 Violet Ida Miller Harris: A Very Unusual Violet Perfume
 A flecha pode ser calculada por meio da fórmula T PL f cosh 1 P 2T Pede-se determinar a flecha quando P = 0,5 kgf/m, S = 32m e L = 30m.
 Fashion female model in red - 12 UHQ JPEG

====

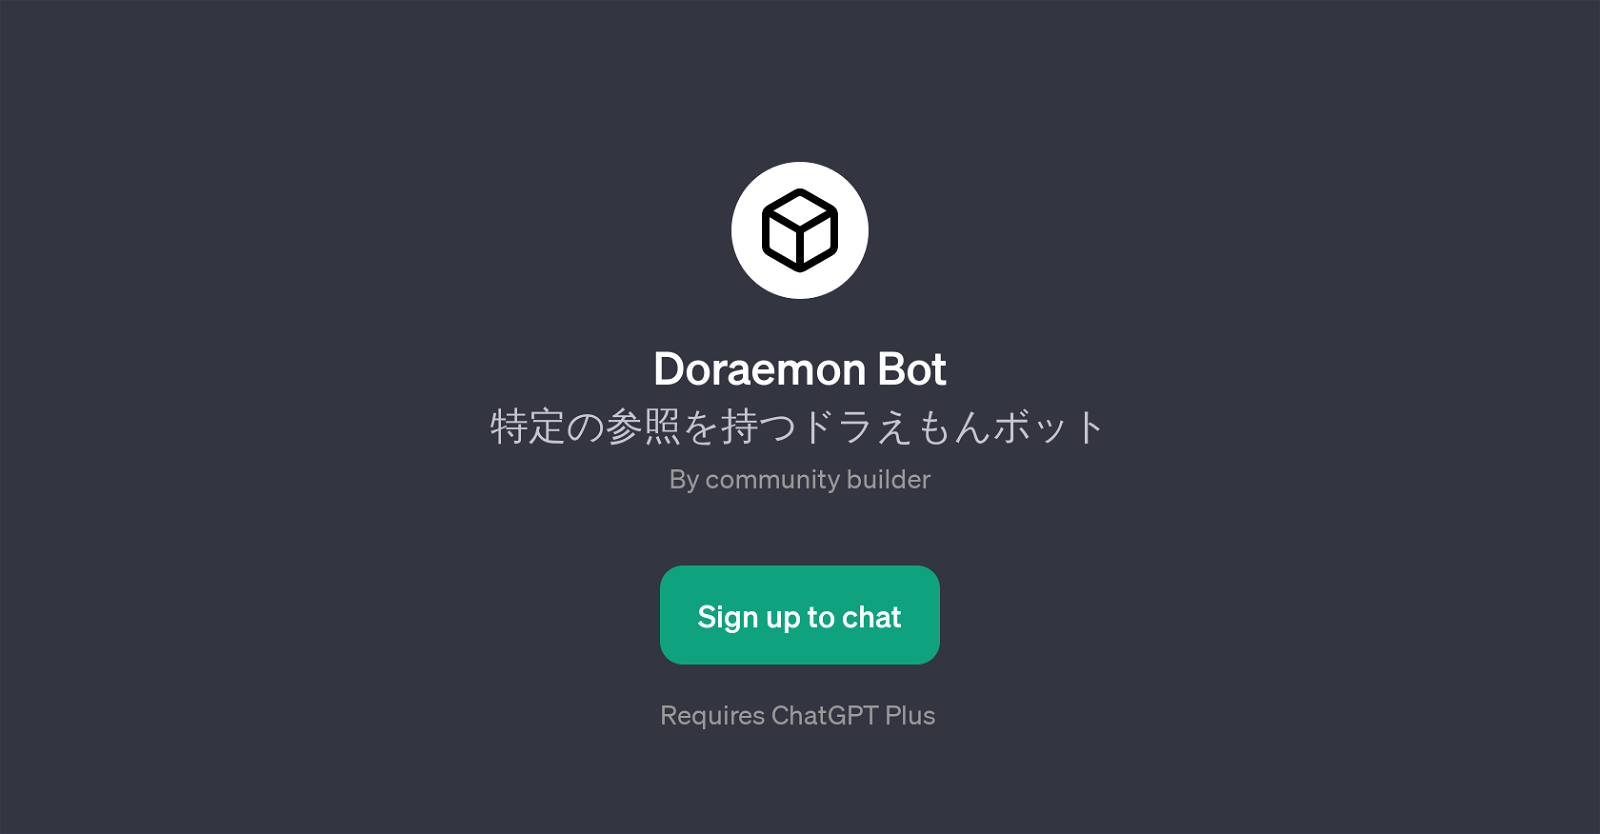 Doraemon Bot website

====

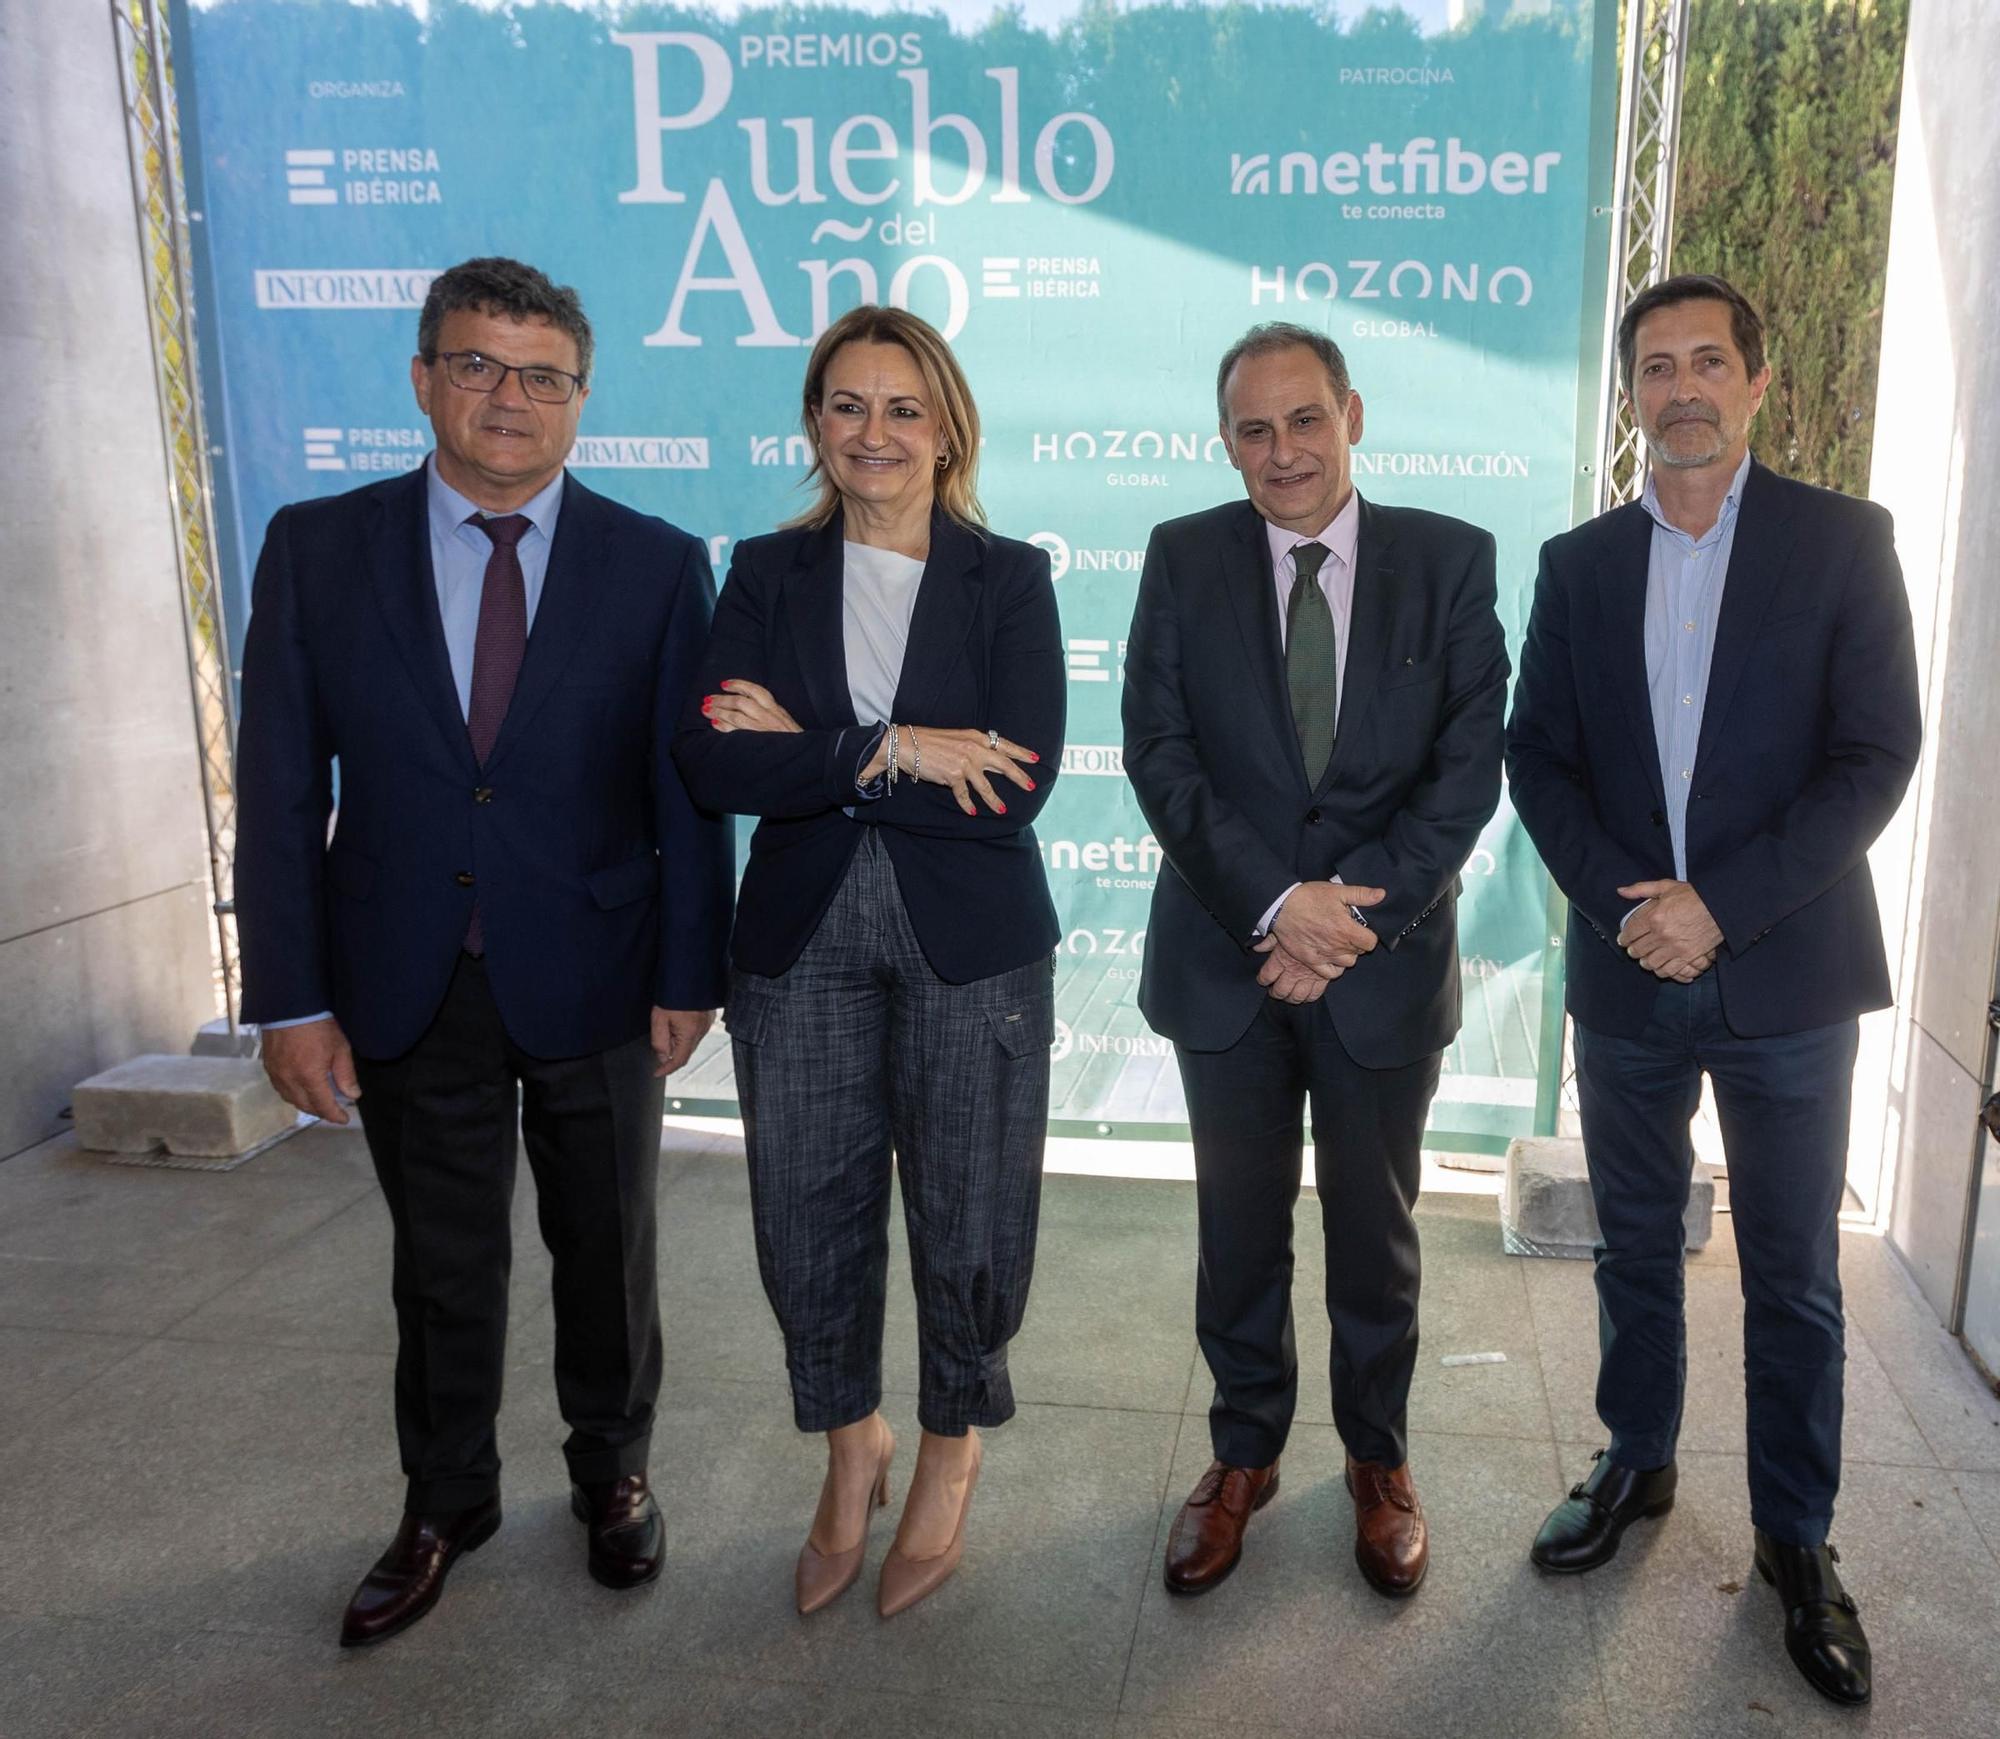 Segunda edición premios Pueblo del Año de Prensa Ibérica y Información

====

### WHAT TO PRODUCE
From the line holding "Violet Ida Miller" to the line holding "Fashion female model in red - 12 UHQ JPEG", inclusive, restate each line above exactly as written.

### OUTPUT OF THE EXERCISE
 Violet Ida Miller Harris: A Very Unusual Violet Perfume
 A flecha pode ser calculada por meio da fórmula T PL f cosh 1 P 2T Pede-se determinar a flecha quando P = 0,5 kgf/m, S = 32m e L = 30m.
 Fashion female model in red - 12 UHQ JPEG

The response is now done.